There have been more than a dozen big U-turns. Resignations. The mess over Lord Mandelson’s job. And after dreadful election results in 2025 and 2026, wipe-out in Wales. Starmer has seemed like a loser to many in his own party.
It is not even two years since his massive win at the general election. But the political perception that he has an appeal to voters? Brutally, that’s long gone.
On Friday, the prime minister was still arguing to the cameras that he would fight if Burnham challenges him, refusing to acknowledge that is not an “if”, it’s a “when”.
Even privately some of his backers were still adamant he would run, talking of donors who’ve given money to run a campaign and office spaces being found.
One source claimed his conversations with cabinet ministers in the afternoon were not about whether he had the authority to stay in office, but the arguments he’d make in a leadership race.
Several sources told me Starmer really does believe he could beat Burnham in a leadership contest, and concluded that a fortnight ago after watching him on BBC Question Time on a Thursday, then failing to explain the borrowing and spending rules in a Newsnight interview on the Friday.
A government insider said: “On Saturday he phoned his closest allies and said, ‘I’m sure I could win.'”
But the widespread assumption this weekend in the party is that Burnham would beat him hands down, another government source said: “It’s nuts” to imagine the PM could come out on top.

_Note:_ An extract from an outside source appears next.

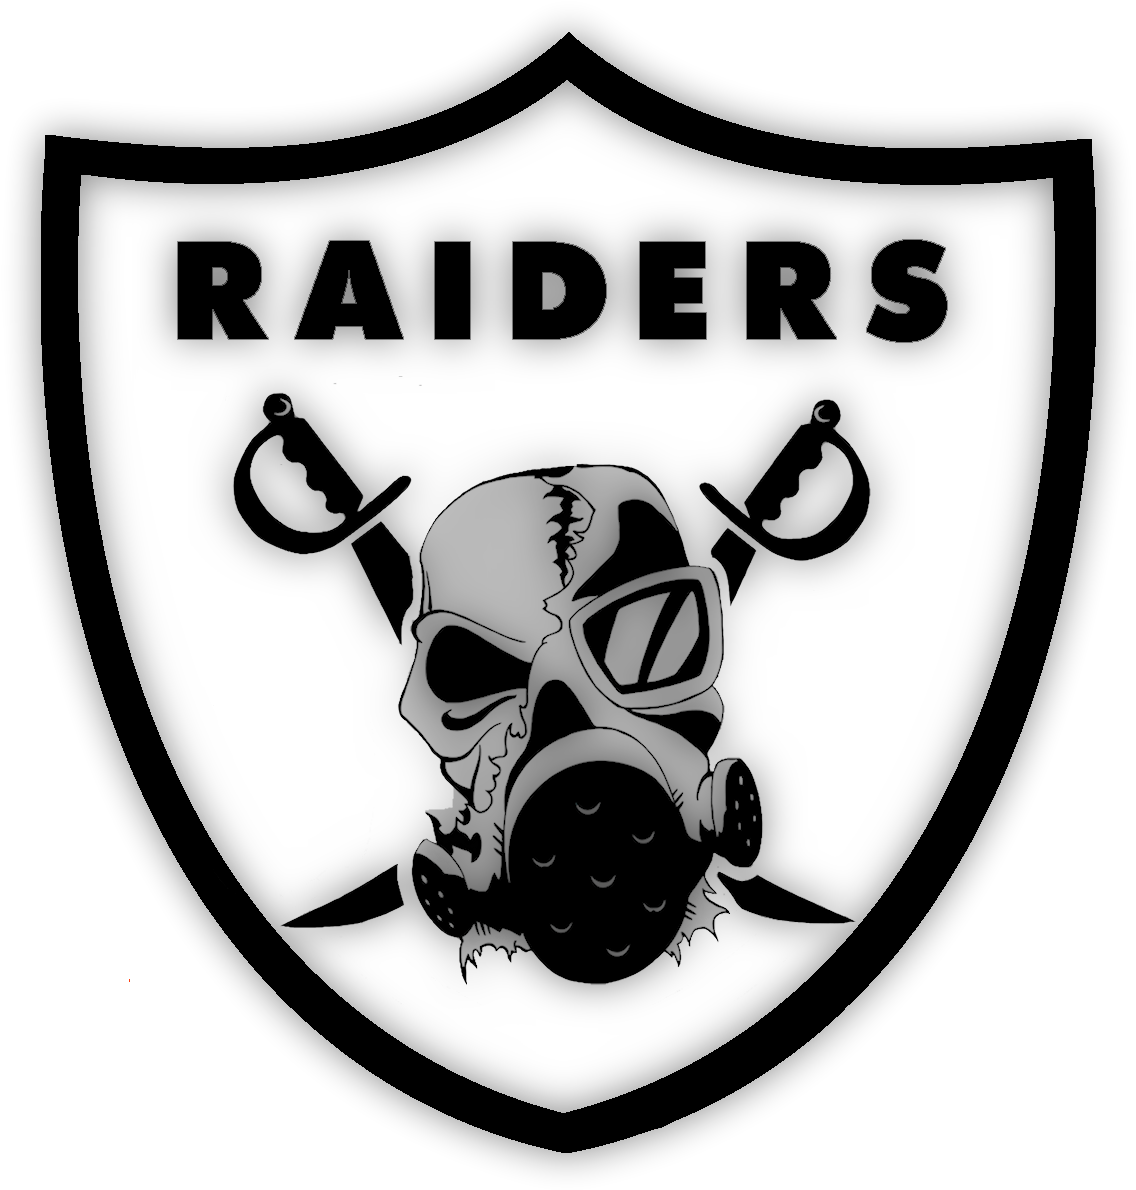 Download Oakland Raiders Logo - Oakland Raiders Animated Gif PNG Image ...

An increasing number of ministers, previously loyal to Starmer now think it’s time, as one cabinet source told me, they “wouldn’t want the prime minister to humiliate himself” in a race.
The chances of him staying to fight are diminishing. But what is still a mystery this weekend is exactly how Starmer will respond.
“It’s very hard for people to know a person who doesn’t know themselves,” said another government insider.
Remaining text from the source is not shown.